Research on Spam Behavior Patterns and Recognition Methods

【作者】 王美珍

【导师】 李芝棠;

【作者基本信息】 华中科技大学 , 计算机系统结构, 2009, 博士

【摘要】 电子邮件已经成为现代人际交流的一种最常见的方式。但是,SMTP(SimpleMail Transfer Protocol:简单邮件传输协议)协议的不完善,尤其是对电子邮件发送者没有做任何的身份鉴别和控制,使得垃圾邮件越来越泛滥。垃圾邮件过滤是个复杂的问题,虽然存在许多相关研究,也获得了很多成果,但是在技术上目前还没有哪一种方法能完美地过滤所有的垃圾邮件。随着伪装技术的发展,垃圾邮件也越来越隐晦,致使基于内容过滤的误判率也很高,而对大量疑似垃圾邮件,基于内容的过滤也耗费了大量的处理时间。因此,必须寻求新的方法和算法。提出了基于数据挖掘的行为识别垃圾邮件过滤系统框架。对采集的数据提取行为特征,并将行为特征分为会话行为特征、信头行为特征和统计行为特征,采用特征选择算法选择能够有效地预测训练数据类属性的特征,经数据预处理,从数据中挖掘出垃圾邮件行为判定规则的知识。
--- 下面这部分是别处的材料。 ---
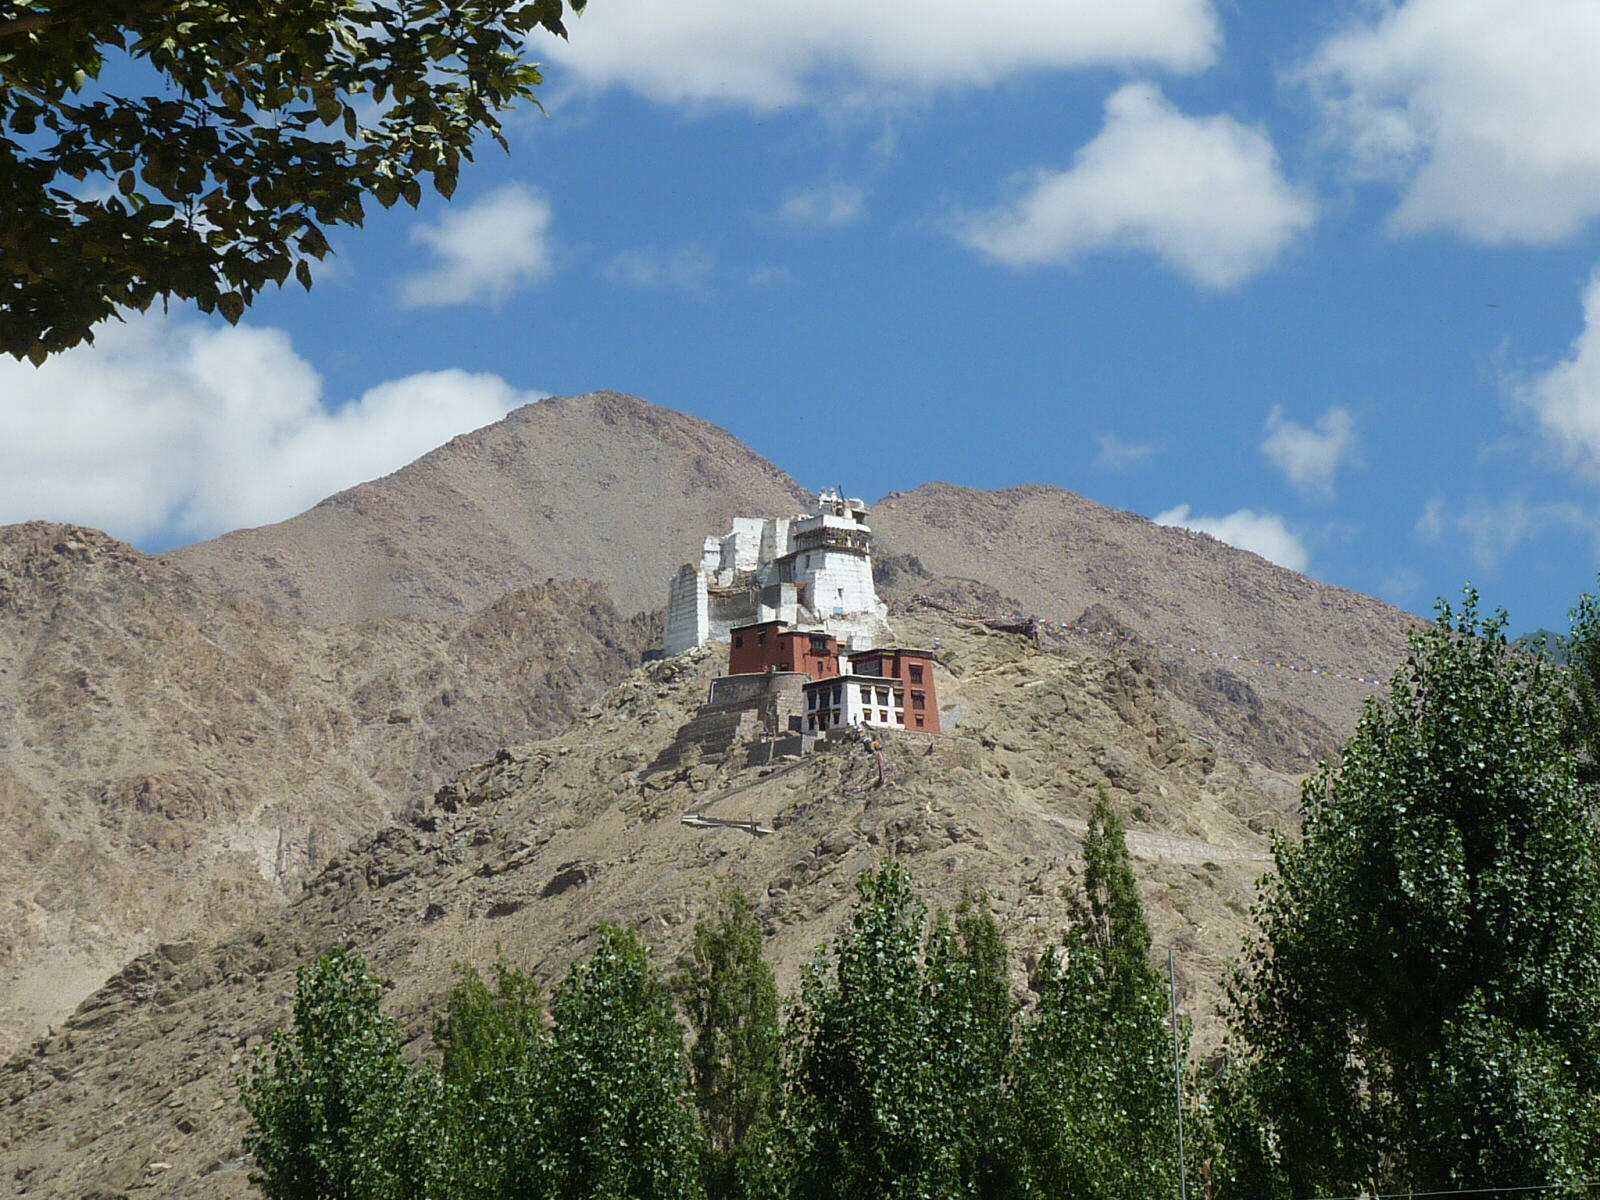 Tsemo Gompa (temple) near Leh in Ladakh, India

提出了基于多级结构的垃圾邮件行为模式挖掘模型,针对不同类型的行为特征,采用不同的模式挖掘算法:对MTA(Mail Transport Agent:邮件传输代理)会话阶段的行为特征,提出了基于决策树的垃圾邮件发送行为识别模型。它不需要接收整封邮件,通过挖掘邮件会话过程中所表现出的行为特征,在会话阶段提前过滤掉垃圾邮件。对用户发送行为采用直方图距离法来检测异常用户发送行为。通过计算附件的指纹特征、统计特征,构建附件的特征向量,利用支持向量机模型来对垃圾邮件的附件行为建模。计算URL(uniform Resource Locator:统一资源定位)之间的相似度,构建包含相似URL的群组,通过计算样本与URL群组的最小距离并转换成分类输出的置信度来判别垃圾邮件行为。由于传统的贝叶斯垃圾邮件过滤在误判和漏判带来的损失方面没有进行关注,提出了一种贝叶斯算法的改进算法,引入了损失因子,在不降低正确率的情况下,使得垃圾邮件误判的风险减到最低。若选择合适的损失因子,正确率和召回率都能达到一个比较理想的效果。利用该算法将各模型判别结果关联起来,通过对联合贝叶斯模型和附件模型、发送发送行为模型、URL模型的性能比较,验证了改进的贝叶斯联合模型相对单个模型来说,能够较大地提高分类性能。提出了基于模糊决策树的分类方法。由于绝对明确的属性并不总是存在于现实世界中,属性隶属度能更自然和合理地描述行为特征,因此相对于清晰决策树来说,模糊决策树更适合。模糊决策树算法使得决策树学习的应用范围扩大从而能够处理不确定性,它合理地处理了学习和推理过程中的不精确信息,具有更强的分类能力及稳健性,由于能生成不同水平和不同置信度的规则,为决策者提供丰富的决策信息。设计了基于行为模式识别和其它过滤技术相结合的邮件过滤系统MailGate,并进行了原型实现。实验结果表明MailGate对垃圾邮件过滤的召回率和误判率能够达到较好的效果。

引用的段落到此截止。